The problem with the assertion that “Authority is Constructed and Contextual” is that it is self-invalidating. The statement itself claims to be a universal truth about authority, maintaining that authority is always dependent on social constructions and contexts. If that is true, however, then the very assertion of that claim is itself nothing more than yet another statement grounded on a particular social construction that has no more authority to it – no more claim to true understanding – than any other statement claiming “authority” that has the power of some other social group behind it. This unarticulated and concealed proposition behind the statement leaves the door wide open to the very proliferation of hostile “us vs. them” groups that all are capable of amassing considerable power – with power being the ultimate determinative of which views shall prevail. Moreover, since the statement that “Authority is Constructed and Contextual” cannot possibly be a universal truth without contradicting itself, then the door is wide open to consider other statements regarding the nature of authority (and truth); and some of those other statements may indeed have much better claims to universality (T. Mann, personal communication, May 24, 2016).

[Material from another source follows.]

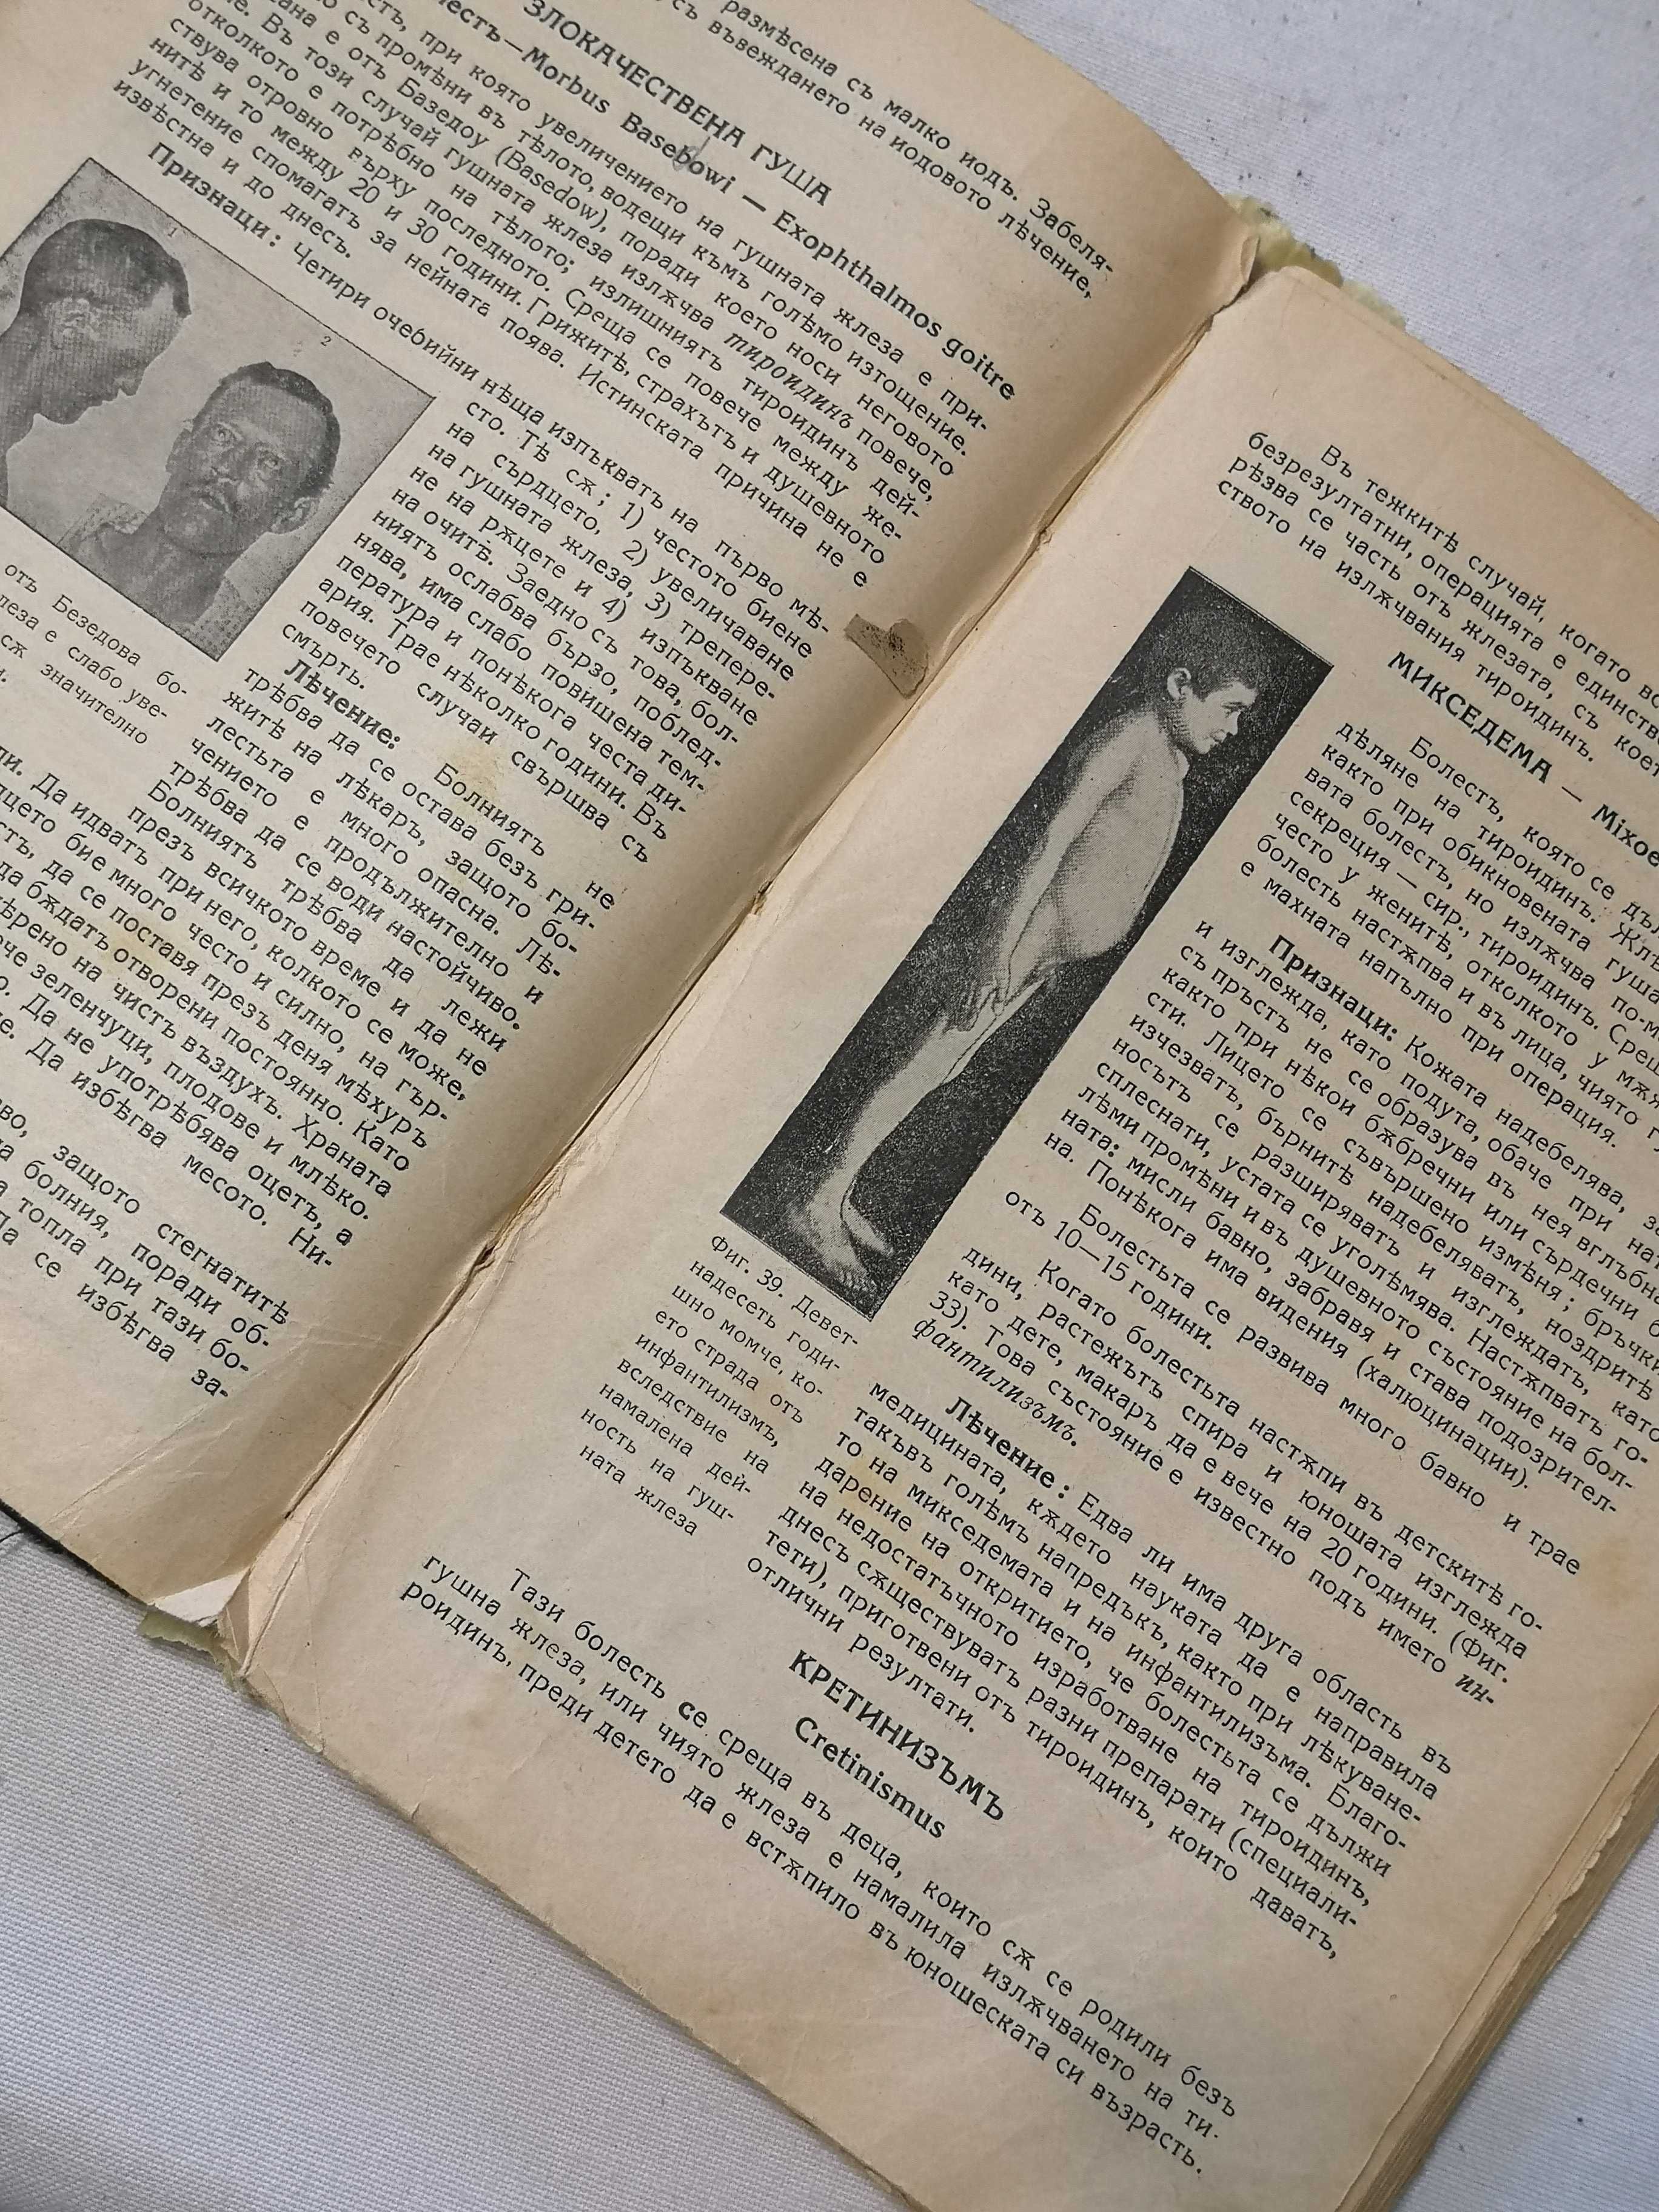 Рядка Стара Книга Домашен Лекар 1932 г от д-р Г Ефремов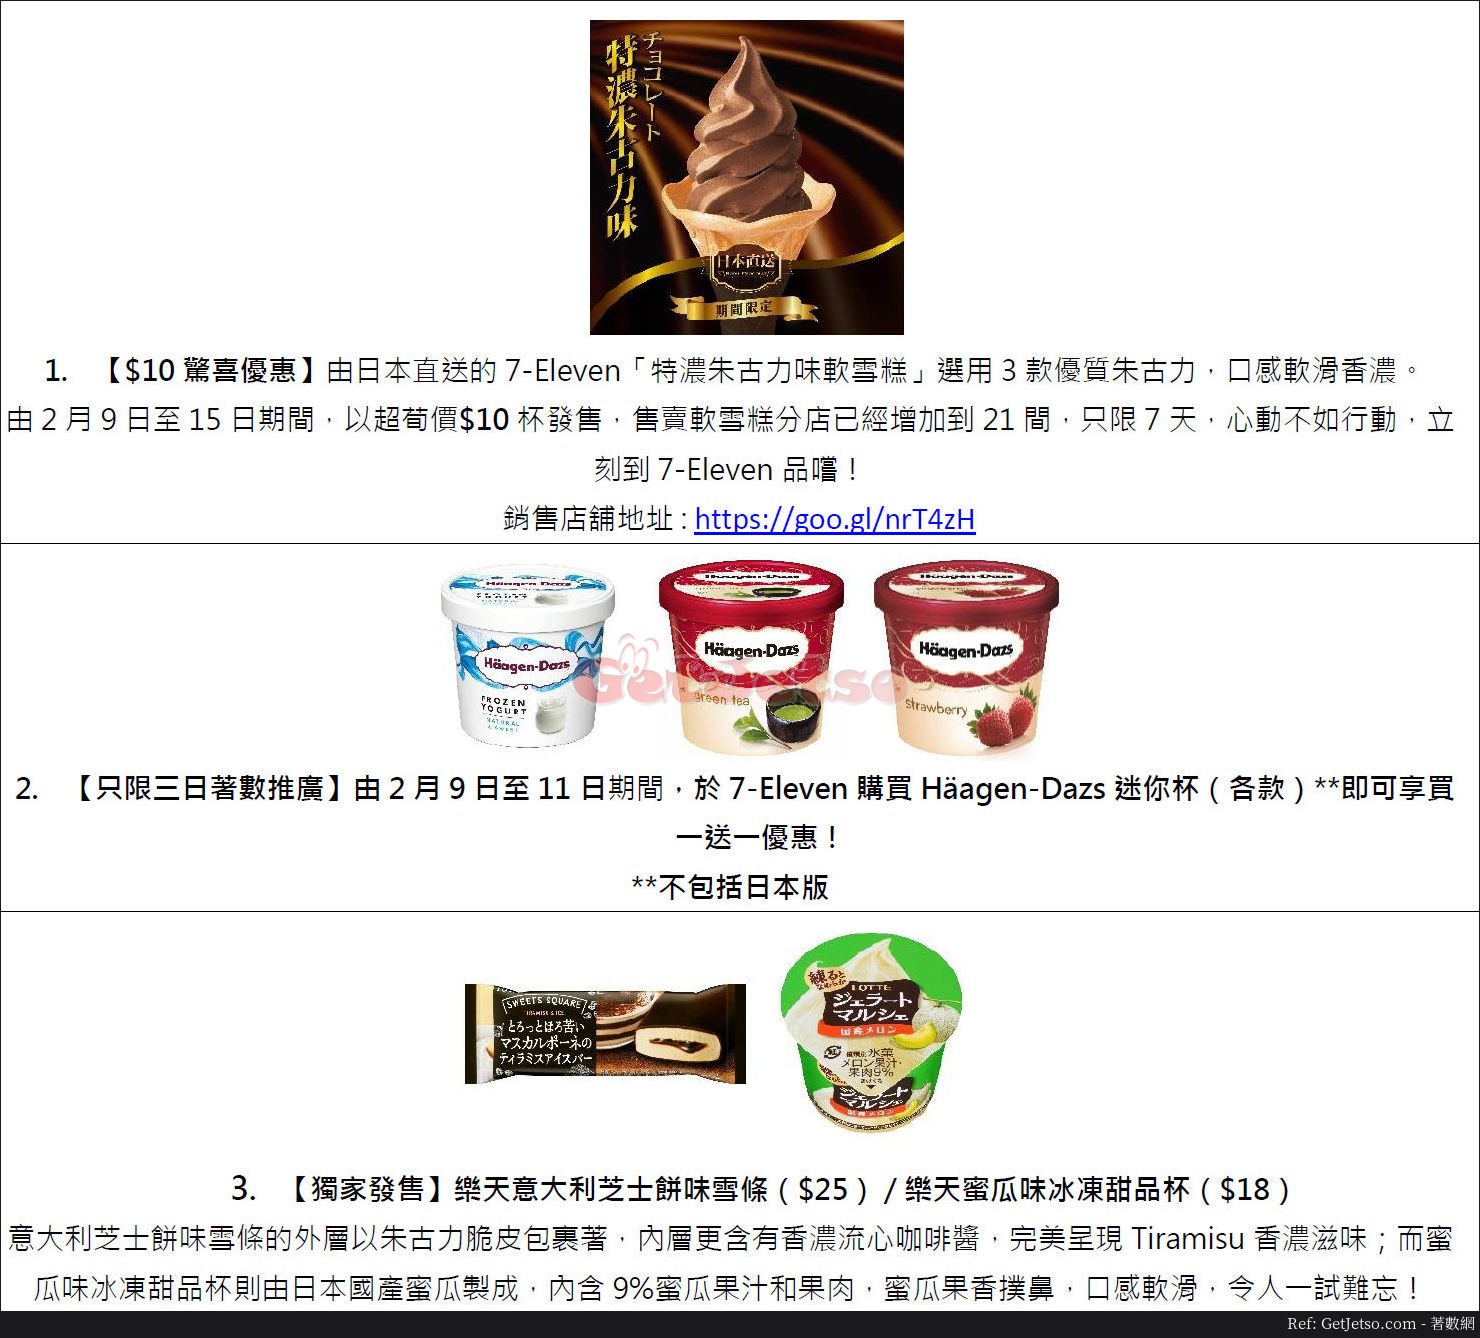  軟雪糕、Häagen-Dazs 迷你杯買1送1優惠@7-Eleven(至18年2月15日)圖片1

When put so bluntly, it is difficult to resist Mann’s analysis. When the influential Richard Rorty defined truth as “what our peers will let us get away with saying,” how does this not, in effect, make truth liable to being nothing more than a power play for one’s advantage? From which it follows that it is really true (!) that it is ultimately only things that overpower other things that can be said to exist – to be. This certainly puts a new spin on what Aristotle said about truth, namely that “to say that which is, is and that which is not is not, is true”! With this assumed, the best among us can only be those who take and lead leaps of faith into oceans, hoping that the evolving beliefs we think are “good” – and not just our genes – will be spread and passed on. Here, any classical notions of knowledge as “justified true belief ” are banished, as whatever can function to win, if only temporarily, is all that remains for us to hope in. On the other hand, what if what we ultimately need is just such knowledge, and real wisdom, perhaps even involving a truth that even goes beyond “accuracy” – implying perhaps even a goodness that goes beyond our own subjective impressions?

Even if one thinks that such questions are not ideal for an increasingly secular age, should we not at least honestly wrestle with the issues presented above – and perhaps be content to assert that “Issues of Authority are Nuanced and Contextual”? Here is something I think almost all of us can agree is true – at least now – full stop. Perhaps being concerned about what is really true is more important than where the academic trends of constructivism and pragmatism seem to be taking us. At the very least, re-framing this statement from the Framework would allow for those who want to ask questions like this – and who in fact believe the answer is affirmative – to continue in their practices without finding them unintentionally undermined.